Underlying EBITDA of €864 million in Q2 2022 was up +43.4% as a result of pricing actions, higher sales volumes, and foreign exchange, with a slightly negative scope effect. On an organic basis, excluding the impacts of foreign exchange and scope, underlying EBITDA increased by 34.9%. EBITDA margins increased slightly to 24.8% for the second quarter mainly as a result of price actions needed to offset rising cost of raw materials, energy and logistics.
Free cash flow to shareholders from continuing operations increased from €135 million in Q2 2021 to €257 million in the second quarter of 2022, reflecting the strong performance and the higher working capital and capex for growth projects. Free cash flow in the first half of 2022 was €473 million, +13% higher than first half 2021.

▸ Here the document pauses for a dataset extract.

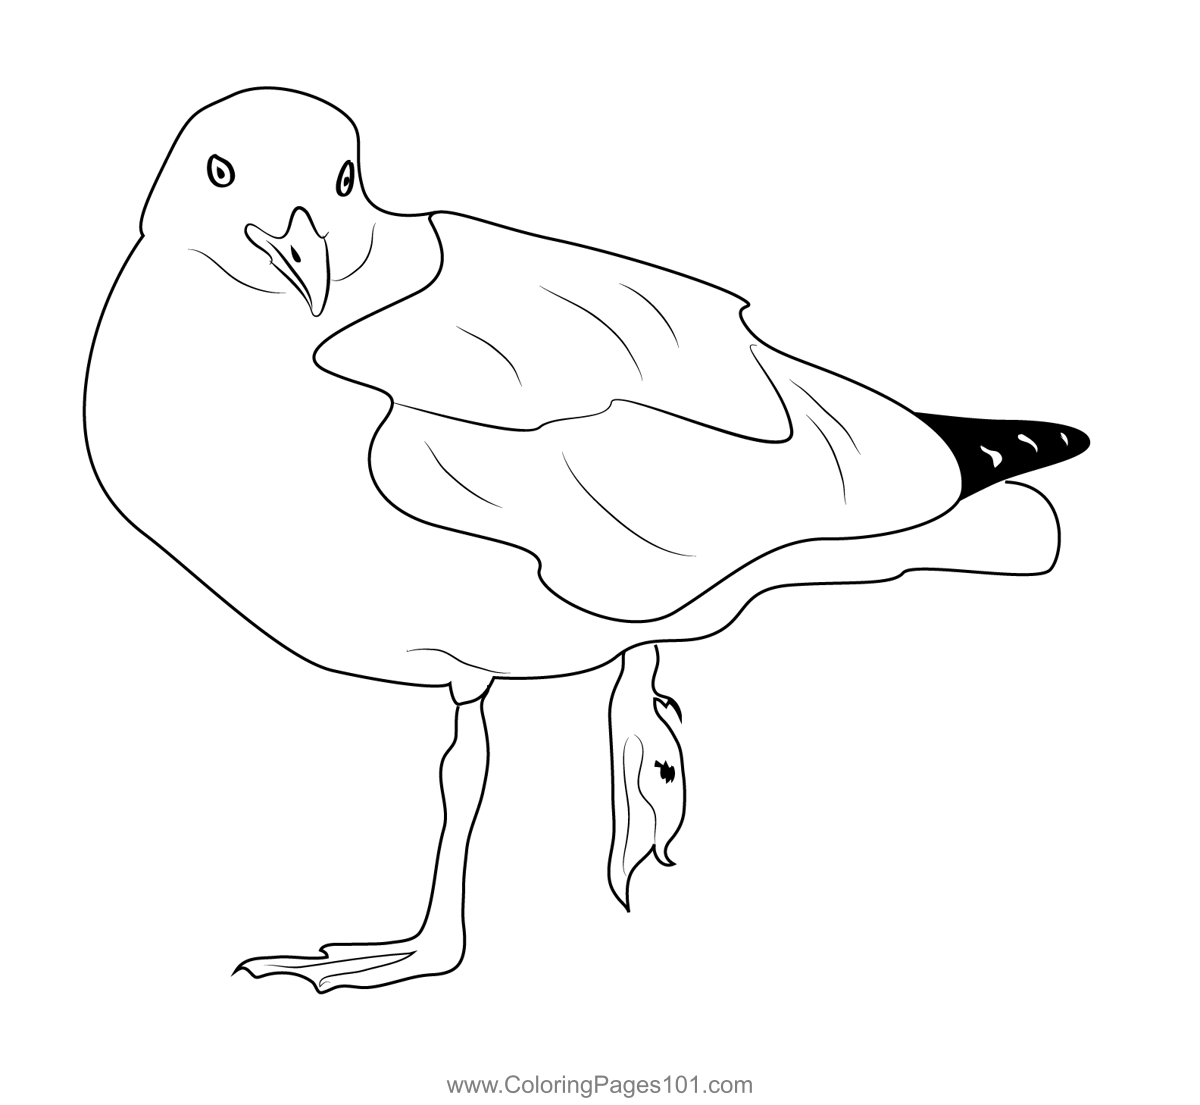 A Seagull With A Broken Leg

Underlying net financial debt was slightly up at €4.0 billion at the end of the first half of 2022, after the dividend payment and the cash paid for the acquisition of the 20% minority stake of AGC in the Soda Ash JV in May 2022. The strong free cash flow of €473 million contributed to bring the leverage ratio to a historical low of 1.5x.
Provisions decreased by €374 million to €2.23 billion compared to December 2021, primarily reflecting the impact from higher discount rates.

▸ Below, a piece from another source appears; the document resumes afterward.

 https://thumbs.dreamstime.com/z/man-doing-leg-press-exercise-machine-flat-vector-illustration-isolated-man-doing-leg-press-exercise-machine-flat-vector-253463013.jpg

| (in € million) | H1 2021 | Scope | Forex | Volume | Price | H1 2022 | Yoy % | Organic % |
|---|---|---|---|---|---|---|---|---|
| Materials | 1,400 | -8 | 77 | 184 | 274 | 1,927 | +37.7% | +31.2% |
| Chemicals | 1,610 | -17 | 93 | 19 | 452 | 2,158 | +34.0% | +27.9% |
| Solutions | 1,815 | -40 | 111 | 117 | 440 | 2,443 | +34.6% | +29.5% |
| Corporate | 4 | - | -1 | 1 | - | 4 | +16.7% | +34.9% |
| Solvay | 4,829 | -64 | 281 | 321 | 1,165 | 6,532 | +35.3% | +29.5% |
| (in € million) | Q2 2021 | Scope | Forex | Volume | Price | Q2 2022 | Yoy % | Organic % |
|---|---|---|---|---|---|---|---|---|
| Materials | 711 | 1 | 47 | 102 | 188 | 1,048 | +47.4% | +38.2% |
| Chemicals | 820 | -3 | 61 | -8 | 248 | 1,118 | +36.4% | +27.4% |
| Solutions | 925 | -9 | 69 | 69 | 254 | 1,309 | +41.5% | +32.9% |
| Corporate | 1 | - | - | 1 | - | 2 | +81.6% | +88.4% |
| Solvay | 2,456 | -11 | 177 | 164 | 690 | 3,477 | +41.5% | +32.6% |
Segment sales in Q2 2022 increased +47.4% (+38.2% organically) driven by strong demand for Specialty Polymers and Composite materials leading to record second quarter sales and earnings.

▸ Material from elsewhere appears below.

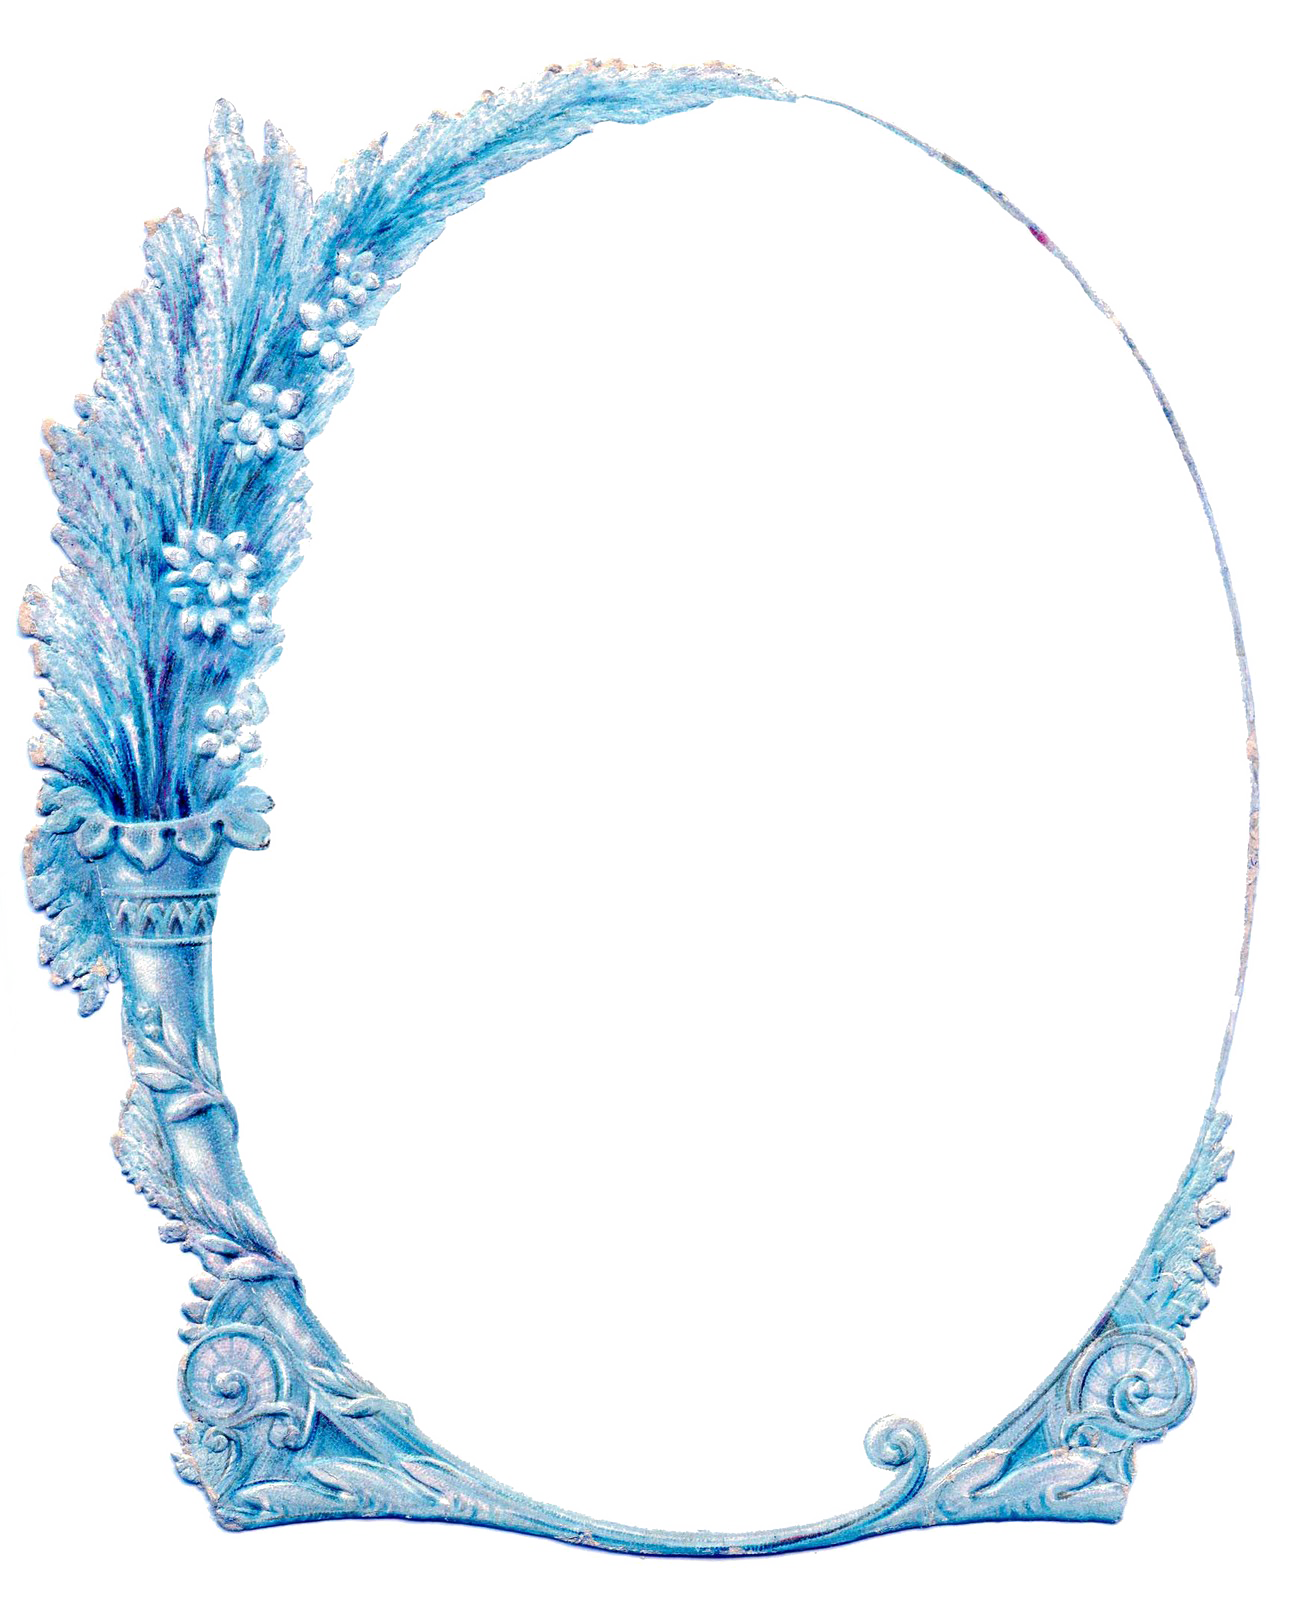 Turquoise Floral Border PNG Télécharger limage

Sales in Specialty Polymers were at record levels, increasing +51.0% (+43.0% organically) compared to the second quarter of 2021, and +21% sequentially versus Q1 2022. Price increases were the largest contributor to sales growth, while demand remained strong in most markets – particularly in automotive (incl. EV batteries), healthcare, and electronics.
Sales in Composite Materials were up +36.4% year on year (+24.0% organically) driven by the continued recovery in civil aerospace led by single-aisle programs (such as the 737 and A220 programs) which are supporting volume growth in the business.
Segment EBITDA increased +54.6% (+44.9% organically) compared with Q2 2021, increasing +32% sequentially versus Q1 2022. The significant improvement was driven by strong price and volume growth, particularly in Specialty Polymers, leading to 32.5% EBITDA margins in the second quarter.
Segment sales in Q2 2022 were up +36.4% (+27.4% organically) versus Q2 2021 driven primarily by price increases necessary to offset rising inflationary costs. Although overall volumes in the segment were down -1%, demand was strong and the volume shortfall related specifically to force majeures in the industry that led to production outages in Soda Ash and Peroxides.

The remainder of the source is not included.